Exercise
Retype, exactly and with nothing added, the lines from the one showing "Dessert Ice Cream" through the final line of the material. Omit pictures.

Dataset excerpt
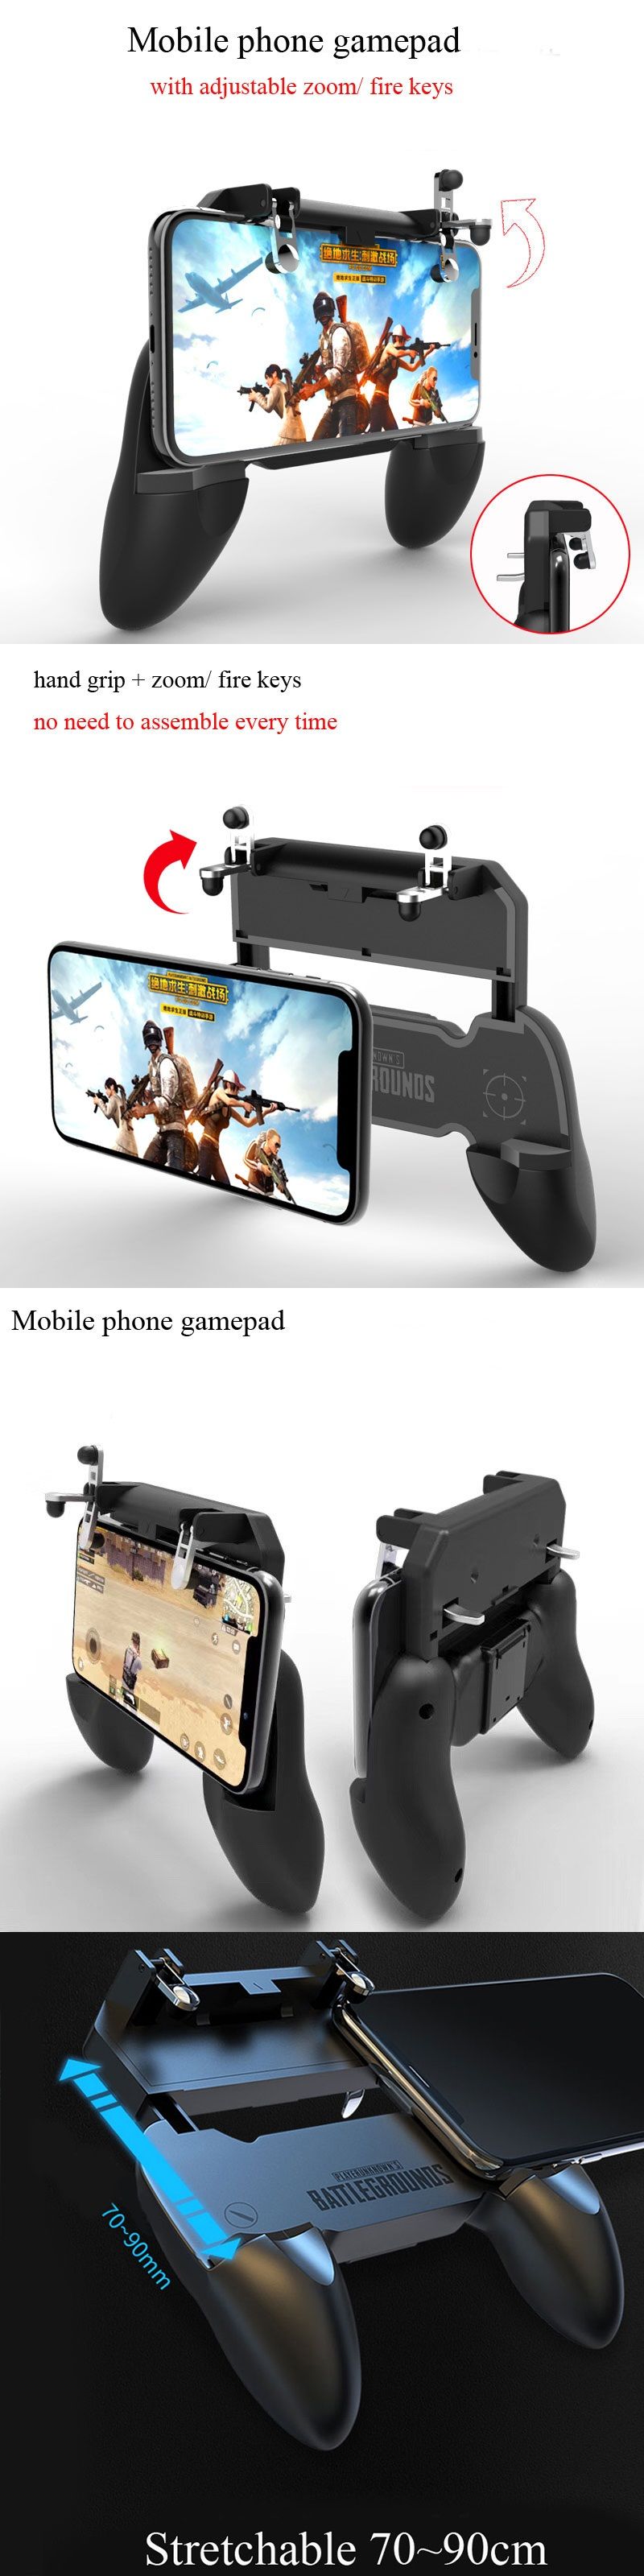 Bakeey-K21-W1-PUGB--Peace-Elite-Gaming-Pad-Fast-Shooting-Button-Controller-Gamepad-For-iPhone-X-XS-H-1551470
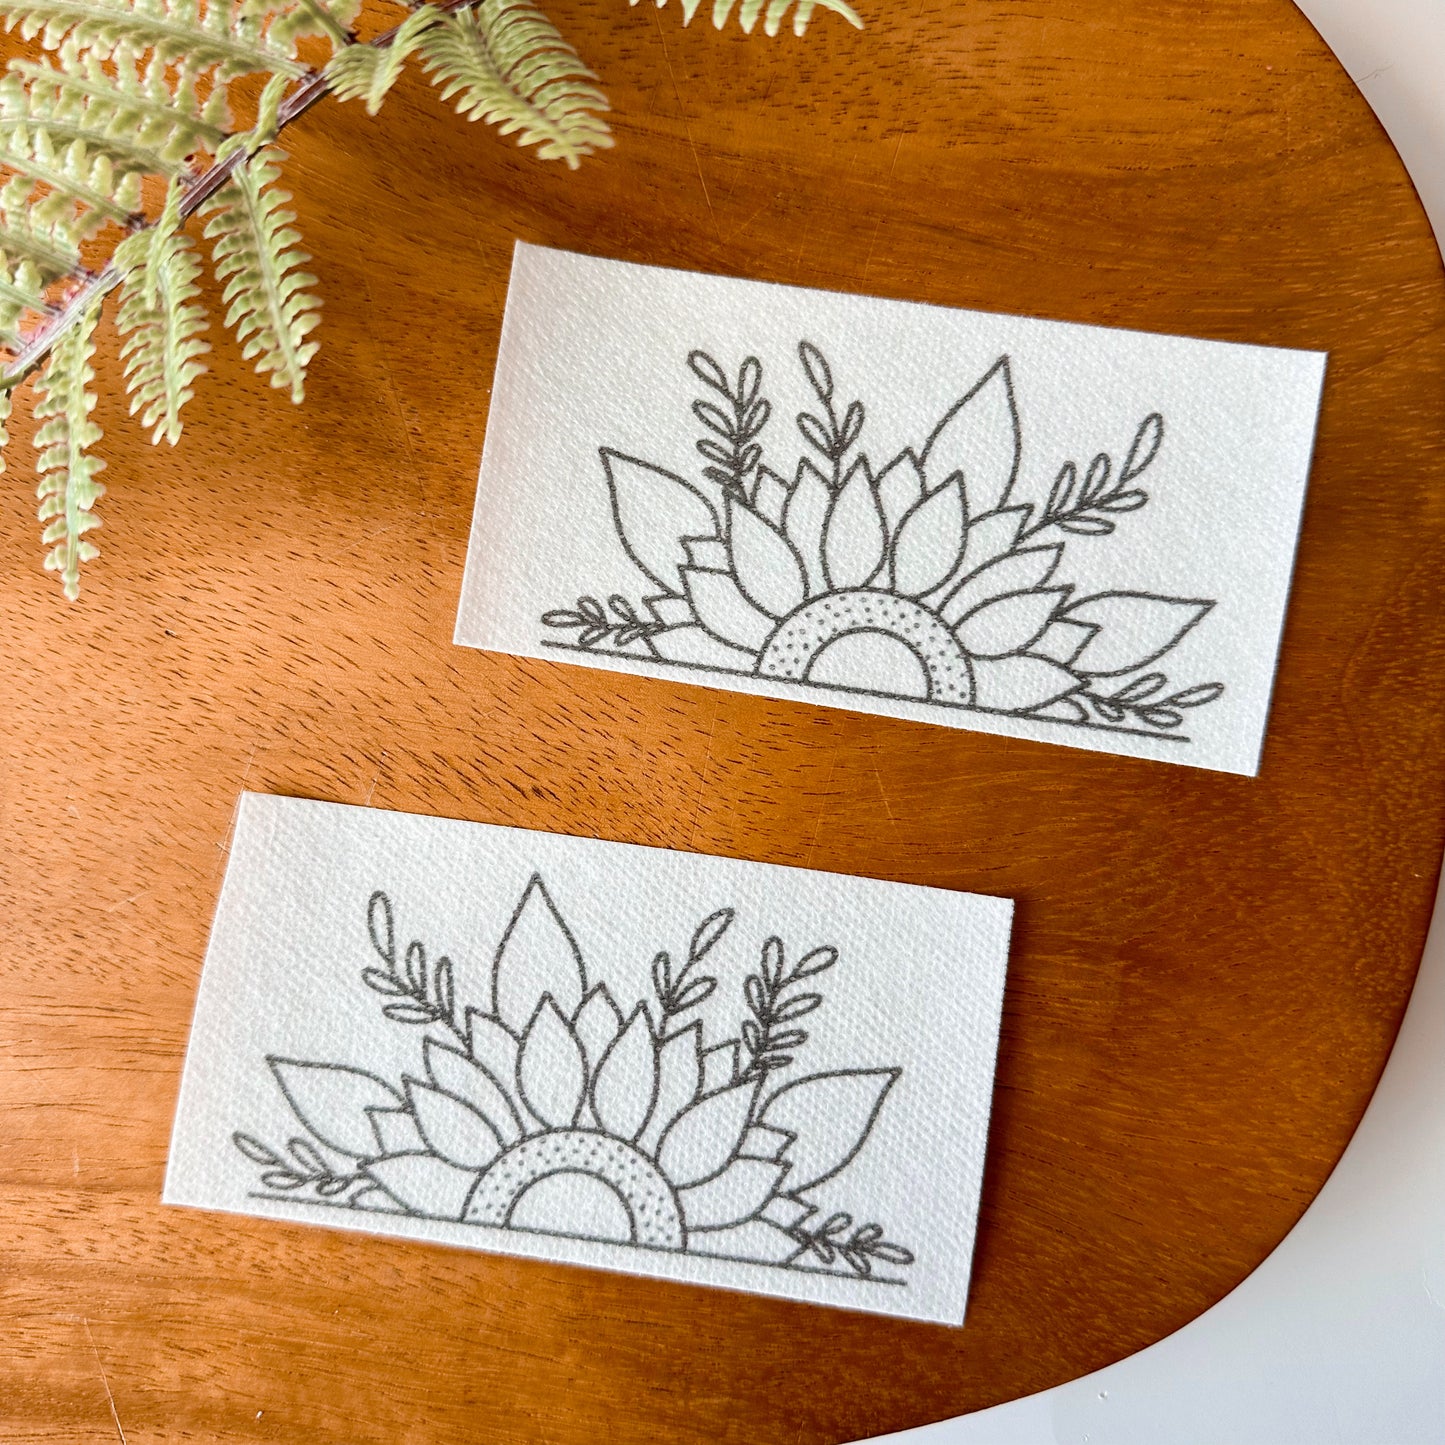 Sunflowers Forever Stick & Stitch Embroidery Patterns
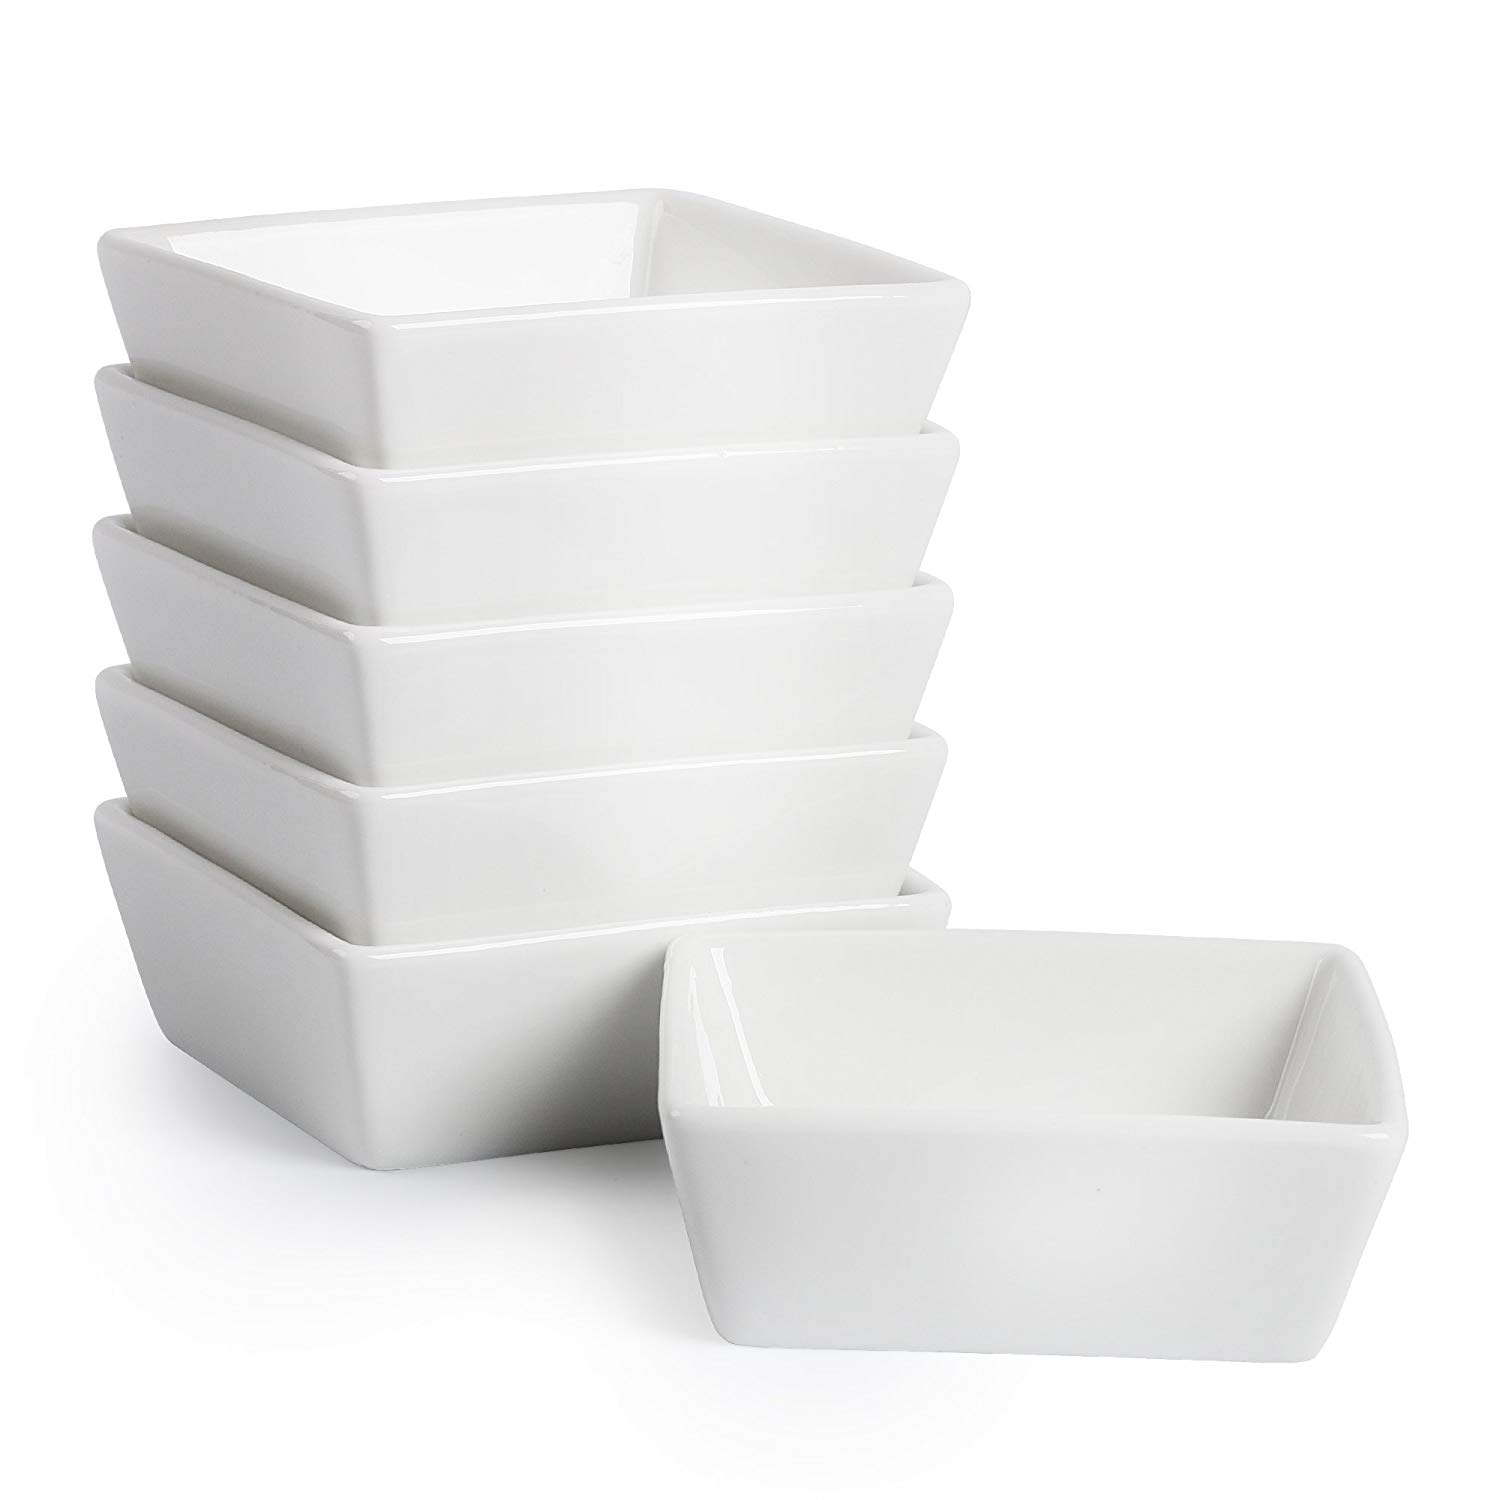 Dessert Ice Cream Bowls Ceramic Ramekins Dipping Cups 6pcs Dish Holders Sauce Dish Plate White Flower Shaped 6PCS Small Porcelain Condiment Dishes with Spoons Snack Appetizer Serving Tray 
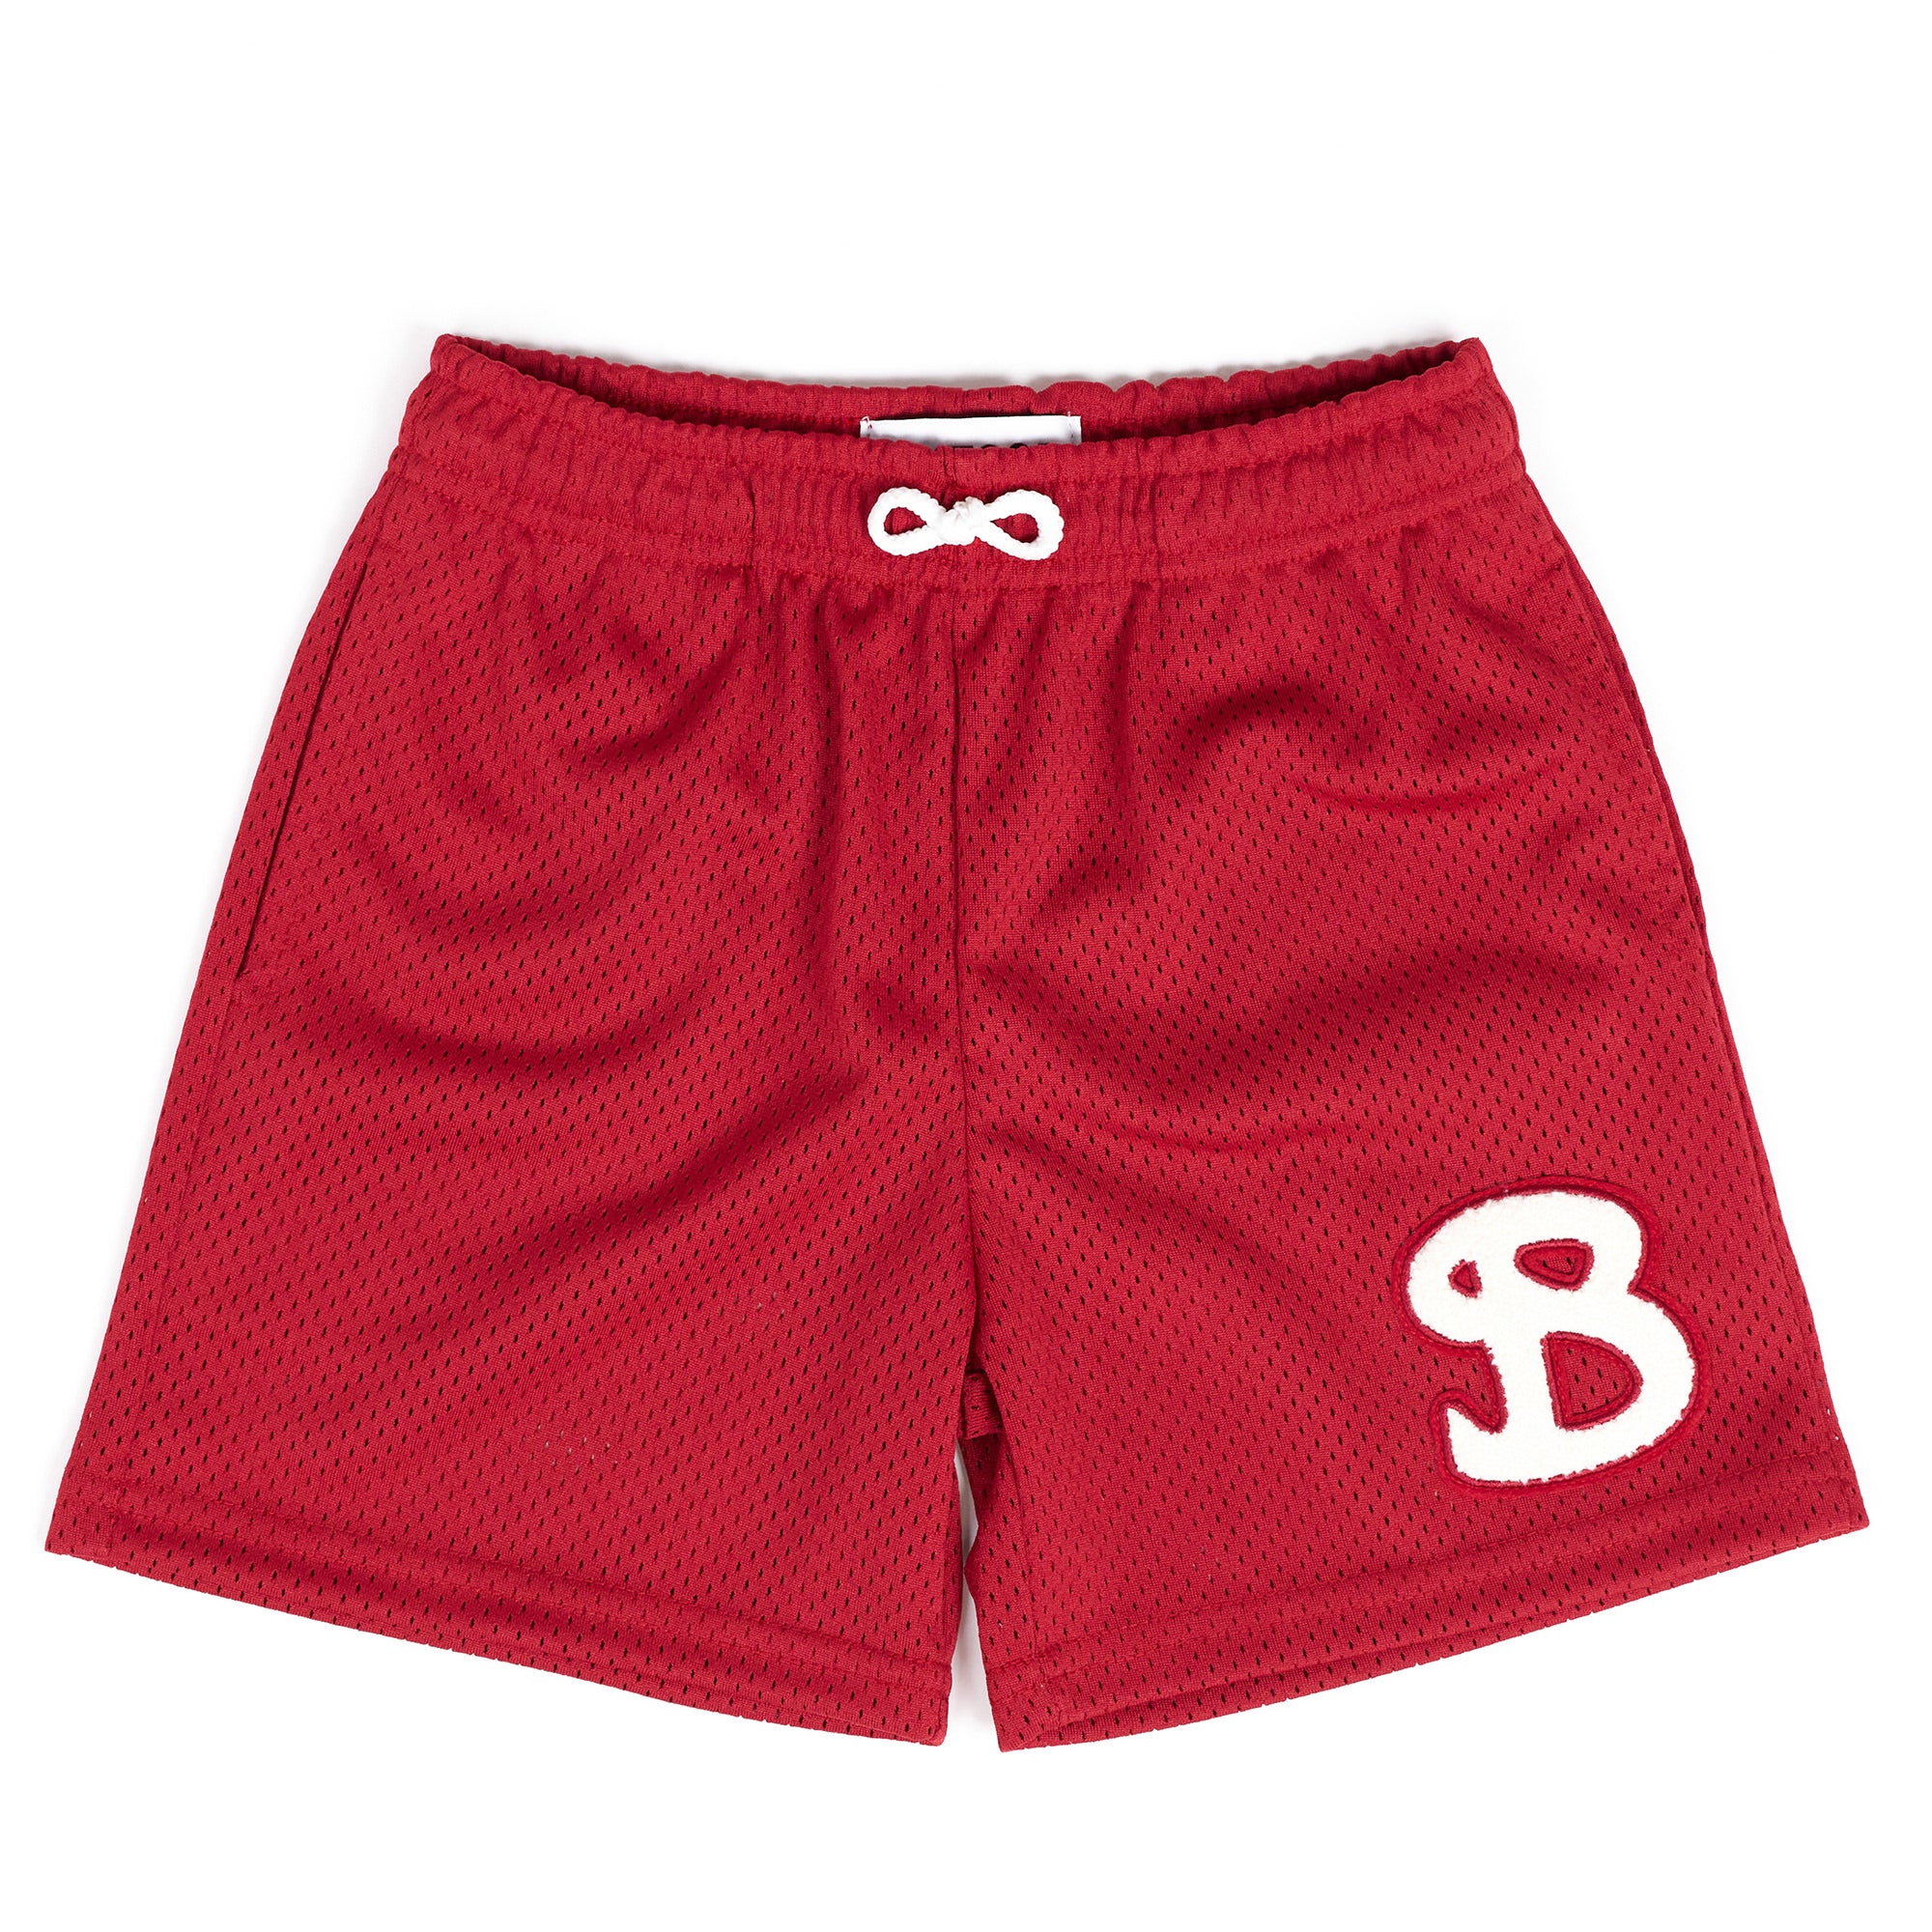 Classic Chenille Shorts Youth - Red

Answer to this exercise
 Dessert Ice Cream Bowls Ceramic Ramekins Dipping Cups 6pcs Dish Holders Sauce Dish Plate White Flower Shaped 6PCS Small Porcelain Condiment Dishes with Spoons Snack Appetizer Serving Tray 
 Classic Chenille Shorts Youth - Red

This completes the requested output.